An investment management agreement (IMA) is a legally binding document that outlines the contractual terms and conditions governing the relationship between an investor and an investment manager. The document is crucial in giving the investment manager the authority to act on the investor's behalf and in their best interest.
IMA is the proof of a fiduciary relationship between the two parties. The agreement contains important details about the parties, warranties, investor consent, reporting, expenses, fees, etc. There are two types of IMAs – discretionary and non-discretionary or standard agreements, depending on the extent of control.
An investment management agreement is one of the most important documents drafted between an investor and their fund manager. The agreement's primary purpose is to function as a guideline that describes the responsibilities, liabilities, objectives, etc., to protect the interests of both parties.
Investors look for returns. They need value for their money. The manager has to act in good faith and put the funds to good use in such a way that it maximizes the investor's gain. However, investing is prone to risk and losses. No matter the type of investment, there might be situations where loss is inevitable. In such cases, the investor must understand this. Also, the investor should agree to compensate the manager in return for these services, regardless of the returns (losses or profits).
Apart from this, many clauses included in the agreement would ensure an understanding between the parties, such as warranties, consent, etc. IMA also contains the investor's objectives, based on which the manager will act.
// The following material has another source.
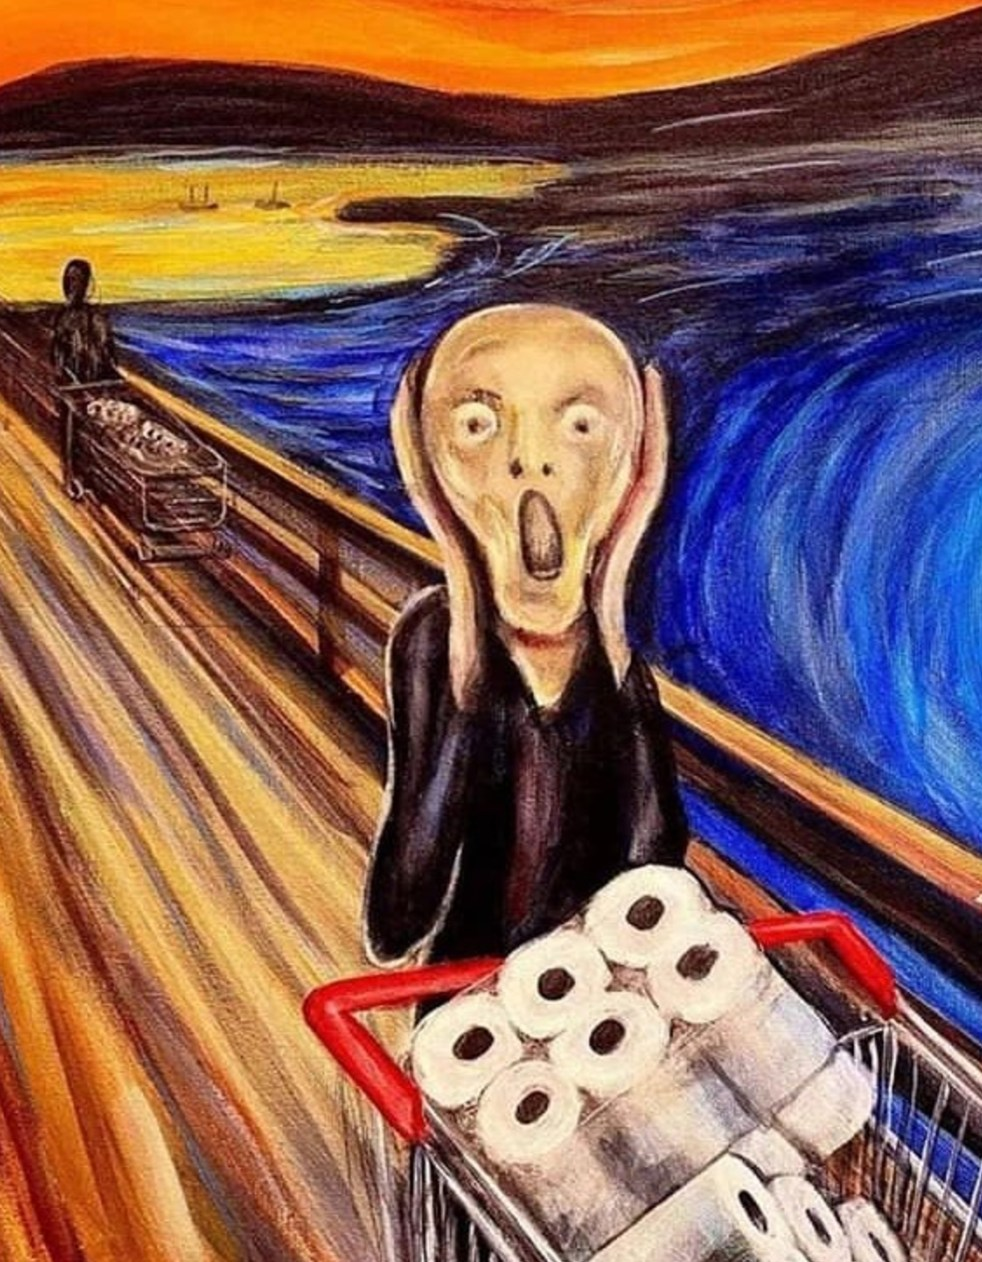 L'Urlo di Munch - in fila a comprare la carta igienica

Now, there are two types of IMA – discretionary and non-discretionary. Under a discretionary investment management agreement, the manager is not required to contact the investor and seek approval for every transaction or decision about the investments. It is ideal for those investors who do not wish to spend too much time on their assets. It allows the manager to act freely on behalf of the client.
Under non-discretionary or standard IMA, the manager must stay in constant touch with the investor and obtain permission before executing small transactions. Whatever the type of agreement, it is explicitly mentioned.
Let us understand what makes an IMA.
Here are a few examples of IMA.
Dylan, an investor, recognizes the importance of formalizing his investment arrangements and decides to enter into an IMA with his trusted investment manager, Cara. This legally binding document serves as a comprehensive framework crafted to safeguard the interests of both parties while delineating the parameters of their professional partnership.
The IMA outlines crucial elements that ensure transparency and accountability throughout their collaboration. It includes detailed provisions regarding the appointed custodian, delineating the financial institution responsible for safeguarding Dylan's assets. Furthermore, the agreement explicitly defines the fee structure, ensuring full disclosure of compensation arrangements between Dylan and Cara.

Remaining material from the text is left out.